Ramón Trujillo, candidate of United Sí Podemos (the coalition of parties between Sí se puede, Izquierda Unida and Podemos) for mayor of Santa Cruz de Tenerife, accuses the mayor and CC candidate of being “the number one public enemy of historical heritage and, on top of that, having the shamelessness of setting himself up as the guarantor of his recovery”.
Trujillo reveals that due to “the inability and incompetence” of the Bermúdez government, 12 properties proposed to be cataloged in the new catalog in process agreed at a technical level between the City Council and the Tenerife Cabildo, will be demolished because their owners have managed to get the judges to give the reason, because the legal term of precautionary protection has elapsed.

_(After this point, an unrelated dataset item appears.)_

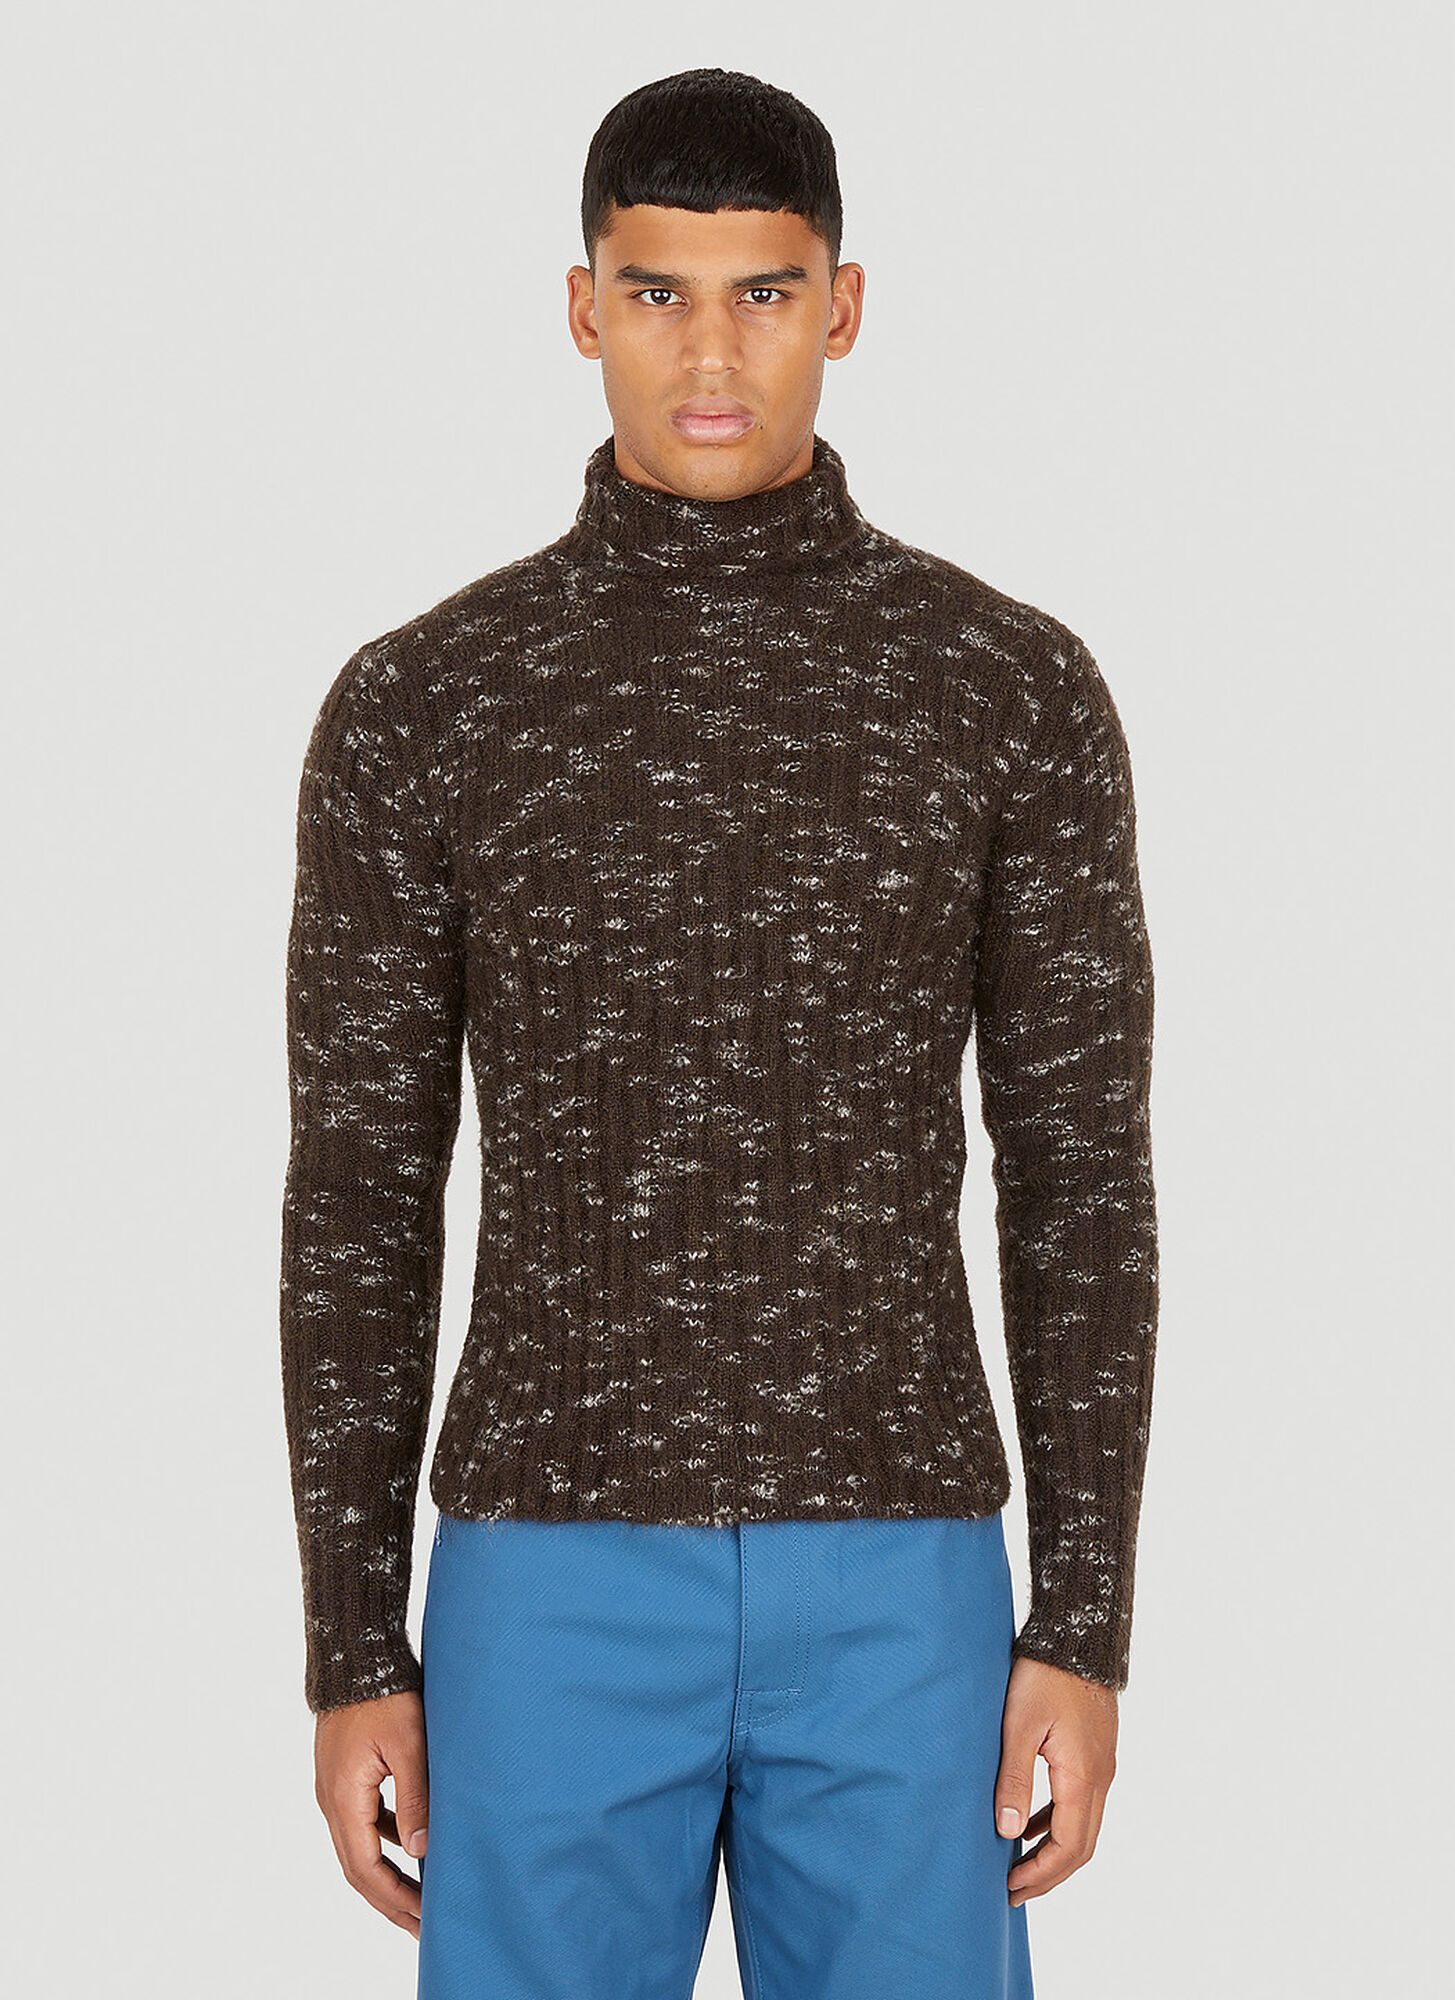 Raf Simons Spotted Sweater In Brown

In addition to warning that a “massive destruction of historical heritage” is coming, the leader of United Sí Podemos promises that, if he governs, “he will prioritize the approval of the new catalog to prevent Bermúdez’s strategy from causing the destruction of dozens of buildings with heritage values, which requires the immediate expediting of the procedure and shortening the terms to the minimum legally permitted”.
And it is that, despite the social and political controversy that in the past mandate caused the demolition of historic buildings proposed to be cataloged by the Cabildo, in June 2022 the deadline given by the current Canary Islands Cultural Heritage Law to update the patrimonial protection catalogues.
Now, the local government chaired by the CC candidate, a “heritage killer” party in Santa Cruz, has issued an instruction that only validates the list of the catalog of the Basic Adaptation of the General Planning Plan of 2005, before the cancellation of the planning of 2013. This means that, “due to the incompetence of Bermúdez”, the owners of hundreds of properties that are proposed to be protected, can request a demolition license.
In this way, what the mayor is doing is “creating a regulatory vacuum and now giving a clear and forceful incentive to the massive destruction of historical heritage before it is protected with the new catalogue.”
If we look back, Trujillo abounds, “no one has caused more damage to heritage in the last 13 years than Bermúdez”, for whom only “properties whose emblematic value and protection already enjoy consensus are historical heritage, as is the case of the Palacio de Carta or Viera y Clavijo, but instead look the other way at those privately owned that are proposed to be catalogued, many hundreds.
As a “necessary collaborator, it has the PP, for whom it was a good idea to widen the Rambla by demolishing part of the Plaza de Toros, and when the Cabildo and the Canarian Government want to expand a Historic Site, Bermúdez is ready to resort to it.”
Finally, Trujillo wonders “what strange kind of nationalist is who, instead of loving and defending the cultural heritage of the Canarian people, abandons it to its fate and to urban speculation, as CC has done in Santa Cruz in a shameless way ”. “For those nationalisms, those saddlebags were not needed,” ironically the candidate of the confluence of the alternative left.